Figure 6: Agreement scores for pairs with fixed sentiment anchors reveal that negative sentiment alignment yields lower agreement than positive alignment, even under identical preference gaps.
Topic Contentiousness Effects: Agreement is unduly influenced by topic contentiousness, overriding the effect of preference alignment. Even when preferences are held constant, more contentious topics yield lower agreement.

Figure 7: Agreement scores are modulated by topic contentiousness, with more controversial topics reducing agreement even among aligned pairs.

Openness and Persuadability

Surface-level trends indicate that higher openness correlates with higher agreement, as expected. However, when isolating cases of maximal preference divergence, this effect weakens or disappears. In many cases, increased openness does not reliably increase agreement when agents begin from diametrically opposed positions.

Figure 8: Agreement scores as a function of openness show that the expected positive relationship breaks down under maximal preference divergence.

Model Robustness and Generalization

The authors formalize six behavioral consistency tests, spanning both surface-level and in-depth criteria. All tested models (Qwen2.5, Llama3.1, Gemma, Mistral, Olmo) pass surface-level tests (preference gap and openness correlation), but none pass the in-depth tests (disagreement symmetry, sentiment alignment, and topic independence). These failures are consistent across model sizes and families, indicating that the observed inconsistencies are not idiosyncratic to a particular architecture.

External Validity: Diversity, Naturalness, and Faithfulness

The paper also evaluates the external validity of simulated dialogues:

Diversity: Most agents produce diverse conversations, as measured by Self-BLEU.
Naturalness: Human annotators rate the majority of conversations as plausibly human, though naturalness declines with conversation length.
Faithfulness: Dialogues generally reflect the demographic and persona attributes specified in agent prompts.

Figure 9: (a) Distribution of diversity scores across agents; (b) Naturalness decreases with conversation length, but faithfulness remains stable.

Implications and Future Directions

The findings have significant implications for the use of LLM agents in social simulation and behavioral research:

Internal Consistency as a Core Criterion: The results demonstrate that current LLM agents, despite surface-level plausibility, systematically fail to maintain internal behavioral coherence.

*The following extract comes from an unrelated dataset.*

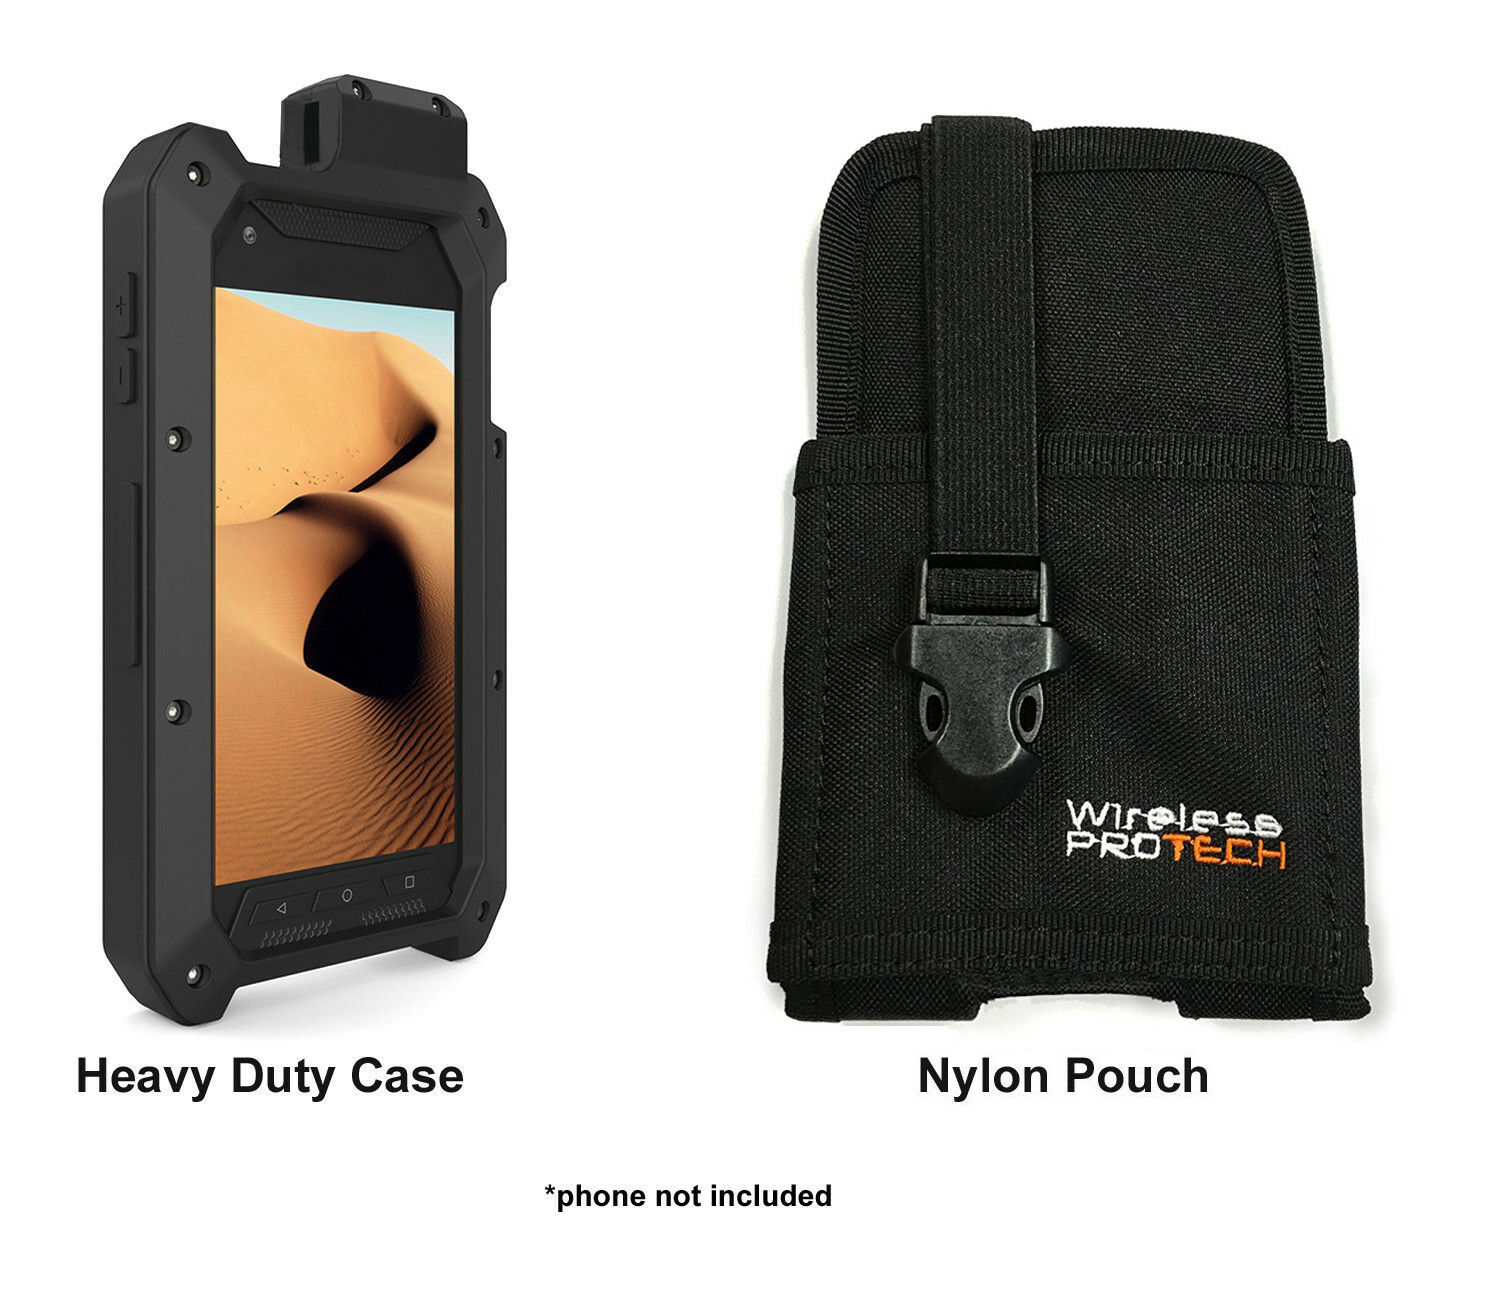 Kyocera DuraForce Pro Heavy Duty Case / Rugged Nylon Pouch b

This undermines their reliability as substitutes for human participants in research settings where trait-driven consistency is essential.
Suppression of Disagreement and Sentiment Asymmetry: The strong bias toward agreement and the penalization of negative sentiment suggest that LLMs are not neutral simulators of social behavior, but are shaped by alignment and safety tuning that may distort emergent group dynamics.
Framework Extensibility: The modular probing framework can be extended to other latent traits (e.g., agreeableness, neuroticism) and broader demographic or topical domains, providing a generalizable tool for evaluating behavioral consistency in LLM agents.

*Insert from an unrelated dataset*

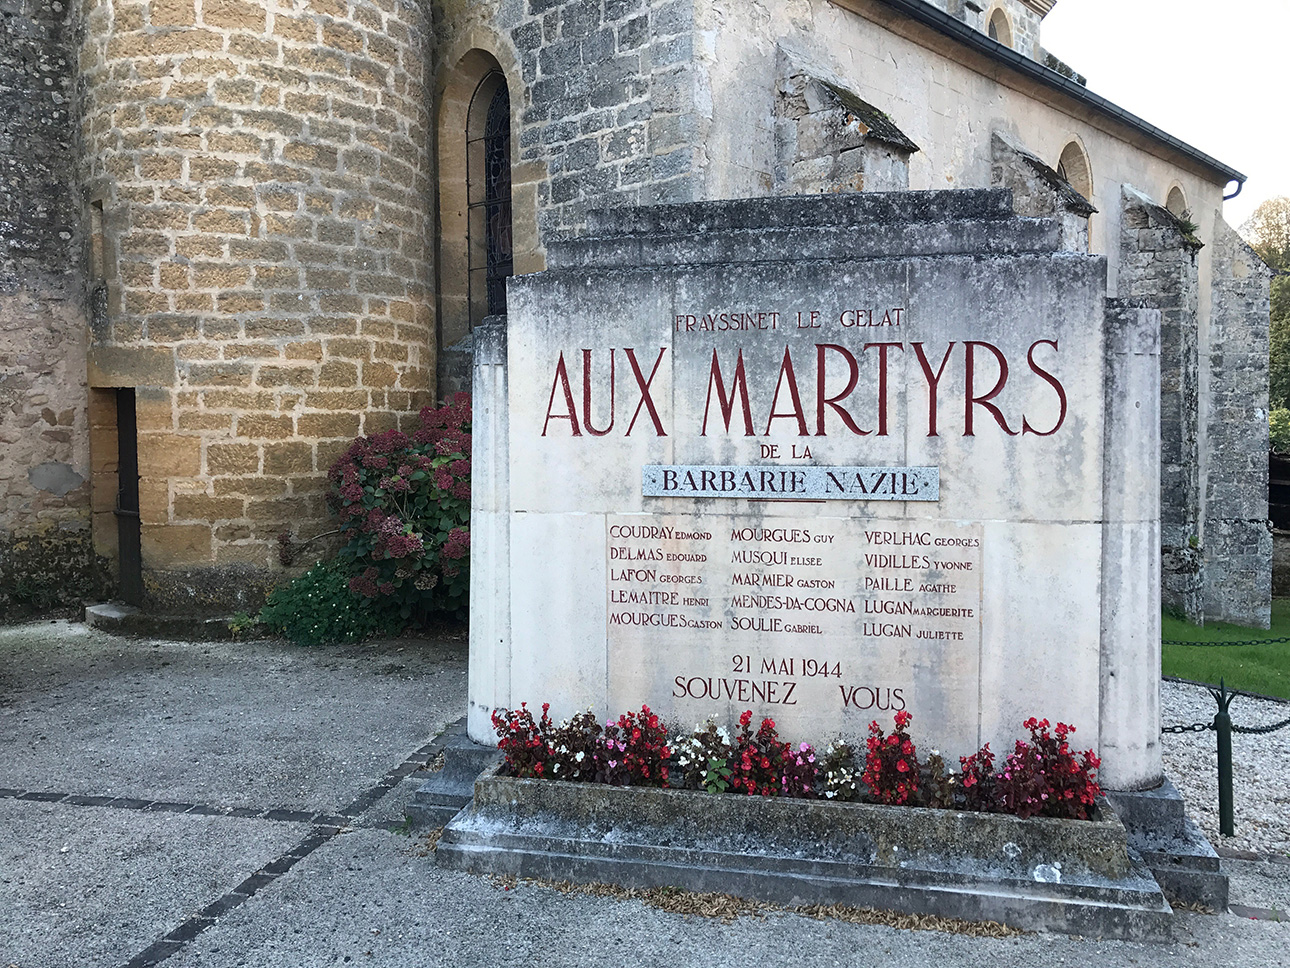 Aux Martyrs

Future work should focus on:

Expanding the range of latent traits and conversational contexts.
Developing LLM architectures or training regimes that explicitly model and enforce internal state coherence.
Integrating social theory to inform the design of agent profiles and interaction protocols.
Evaluating the impact of alignment and safety tuning on emergent group-level behaviors.

Conclusion

This paper provides a rigorous evaluation of behavioral coherence in LLM agents, revealing that current models systematically fail to maintain internal consistency between stated preferences, openness, and conversational behavior. These failures persist across model families and sizes, challenging the substitution thesis that LLM agents can reliably stand in for humans in social simulation. The proposed framework offers a principled approach for diagnosing and addressing these limitations, and should serve as a foundation for future research on the behavioral fidelity of synthetic agents.